Hospices Civils de Lyon, Université Claude Bernard Lyon1, Hôpital Lyon-Sud, Service d’hépato-gastroentérologie, Bâtiment 3A, 165 Chemin du Grand Revoyet, 69310 Pierre-Bénite
INSERM U1111 – Centre Internationalde Recherche en Infectiologie (CIRI), Lyon
Despite a wide therapeutic armamentarium in inflammatory bowel diseases, the usefulness of combotherapy (immunosuppressants and biologics) remains discussed case by case and should take into account the benefit/risk ratio. In the absence of contraindication, combotherapy should be considered with infliximab as soon as first line therapy in order to optimize efficacy and to avoid immunisation responsible for lost of response. Combotherapy should also be considered after a first immunogenic failure with anti-TNF and that whatever the anti-TNF used in second line. In case of risk factors especially in Crohn's disease (perianal or extensive lesions), adalimumab should be associated with immunossupressants. The benefit of combotherapy with other biologics (ustékinumab, védolizumab) has not yet been demonstrated. Addition of a second biologic in severe and refractory Crohn's disease or IBD associated with immune mediated inflammatory diseases uncontrolled under a first biologic could be considered after discussion in multidisciplinary meeting.

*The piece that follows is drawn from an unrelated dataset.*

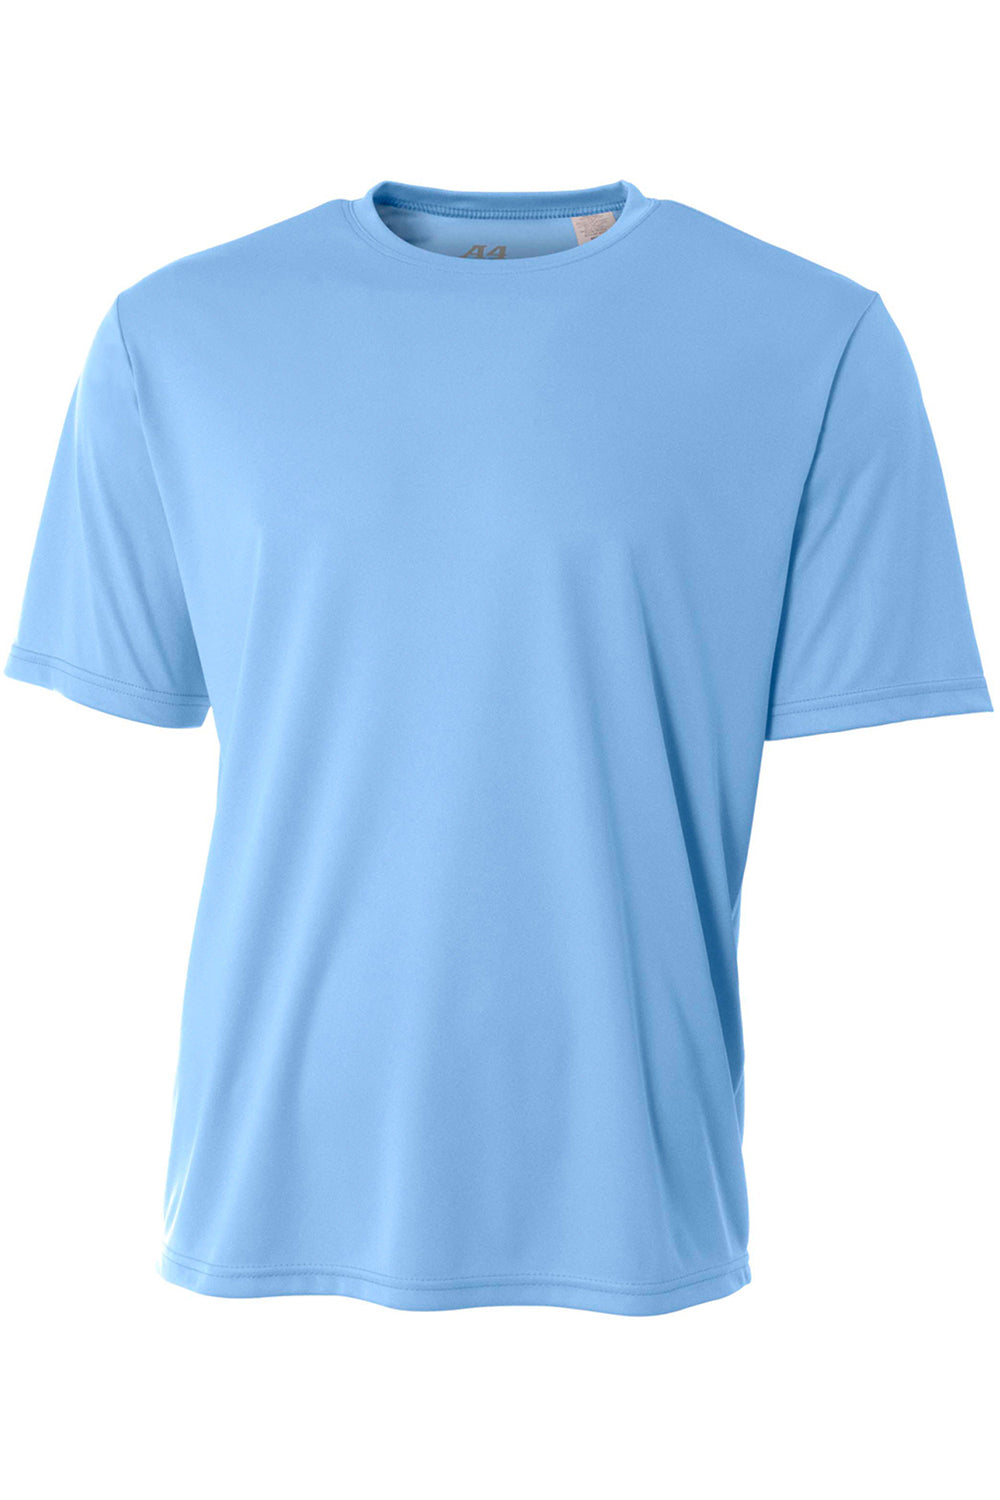 A4 N3142 Mens Performance Moisture Wicking Short Sleeve Crewneck T-Shirt Light Blue Flat Front

The efficacy of such strategy of combining simultaneously 2 biologics remains to be fully demonstrated. Nevertheless, such strategy could be efficient in some selected IBD patients with an overal good tolerance even if an increased risk of infections should be taken into account. In this short review, we will finally report the usefulness of alternative strategy using bispecific therapeutic monoclonal antibodies in IBD.